### [ASSIGNMENT]
Every entry below is to be copied exactly, with nothing omitted.

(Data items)
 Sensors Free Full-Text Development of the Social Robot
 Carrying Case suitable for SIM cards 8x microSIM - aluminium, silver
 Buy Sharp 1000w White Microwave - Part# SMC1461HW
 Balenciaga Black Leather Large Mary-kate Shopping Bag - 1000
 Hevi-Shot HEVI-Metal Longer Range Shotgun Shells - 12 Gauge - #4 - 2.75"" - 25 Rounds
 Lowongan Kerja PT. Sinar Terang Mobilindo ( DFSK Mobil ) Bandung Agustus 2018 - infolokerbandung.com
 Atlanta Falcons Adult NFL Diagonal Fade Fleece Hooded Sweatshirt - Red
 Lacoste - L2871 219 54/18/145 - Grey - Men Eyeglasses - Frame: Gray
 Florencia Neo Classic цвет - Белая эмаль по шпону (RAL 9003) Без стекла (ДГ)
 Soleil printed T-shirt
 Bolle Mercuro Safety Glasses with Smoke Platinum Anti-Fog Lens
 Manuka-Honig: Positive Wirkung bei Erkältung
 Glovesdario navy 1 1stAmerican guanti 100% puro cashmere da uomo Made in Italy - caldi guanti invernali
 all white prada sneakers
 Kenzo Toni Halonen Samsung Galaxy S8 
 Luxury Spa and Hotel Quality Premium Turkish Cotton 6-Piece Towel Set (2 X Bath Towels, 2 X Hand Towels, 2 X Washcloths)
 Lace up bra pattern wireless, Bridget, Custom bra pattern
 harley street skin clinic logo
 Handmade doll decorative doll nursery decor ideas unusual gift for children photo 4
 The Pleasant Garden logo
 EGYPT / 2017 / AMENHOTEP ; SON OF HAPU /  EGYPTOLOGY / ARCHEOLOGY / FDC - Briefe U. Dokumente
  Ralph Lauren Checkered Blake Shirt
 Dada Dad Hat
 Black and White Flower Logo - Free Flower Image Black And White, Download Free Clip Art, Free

### [RESPONSE FOR THIS EXERCISE]
 Sensors Free Full-Text Development of the Social Robot
 Carrying Case suitable for SIM cards 8x microSIM - aluminium, silver
 Buy Sharp 1000w White Microwave - Part# SMC1461HW
 Balenciaga Black Leather Large Mary-kate Shopping Bag - 1000
 Hevi-Shot HEVI-Metal Longer Range Shotgun Shells - 12 Gauge - #4 - 2.75"" - 25 Rounds
 Lowongan Kerja PT. Sinar Terang Mobilindo ( DFSK Mobil ) Bandung Agustus 2018 - infolokerbandung.com
 Atlanta Falcons Adult NFL Diagonal Fade Fleece Hooded Sweatshirt - Red
 Lacoste - L2871 219 54/18/145 - Grey - Men Eyeglasses - Frame: Gray
 Florencia Neo Classic цвет - Белая эмаль по шпону (RAL 9003) Без стекла (ДГ)
 Soleil printed T-shirt
 Bolle Mercuro Safety Glasses with Smoke Platinum Anti-Fog Lens
 Manuka-Honig: Positive Wirkung bei Erkältung
 Glovesdario navy 1 1stAmerican guanti 100% puro cashmere da uomo Made in Italy - caldi guanti invernali
 all white prada sneakers
 Kenzo Toni Halonen Samsung Galaxy S8 
 Luxury Spa and Hotel Quality Premium Turkish Cotton 6-Piece Towel Set (2 X Bath Towels, 2 X Hand Towels, 2 X Washcloths)
 Lace up bra pattern wireless, Bridget, Custom bra pattern
 harley street skin clinic logo
 Handmade doll decorative doll nursery decor ideas unusual gift for children photo 4
 The Pleasant Garden logo
 EGYPT / 2017 / AMENHOTEP ; SON OF HAPU /  EGYPTOLOGY / ARCHEOLOGY / FDC - Briefe U. Dokumente
  Ralph Lauren Checkered Blake Shirt
 Dada Dad Hat
 Black and White Flower Logo - Free Flower Image Black And White, Download Free Clip Art, Free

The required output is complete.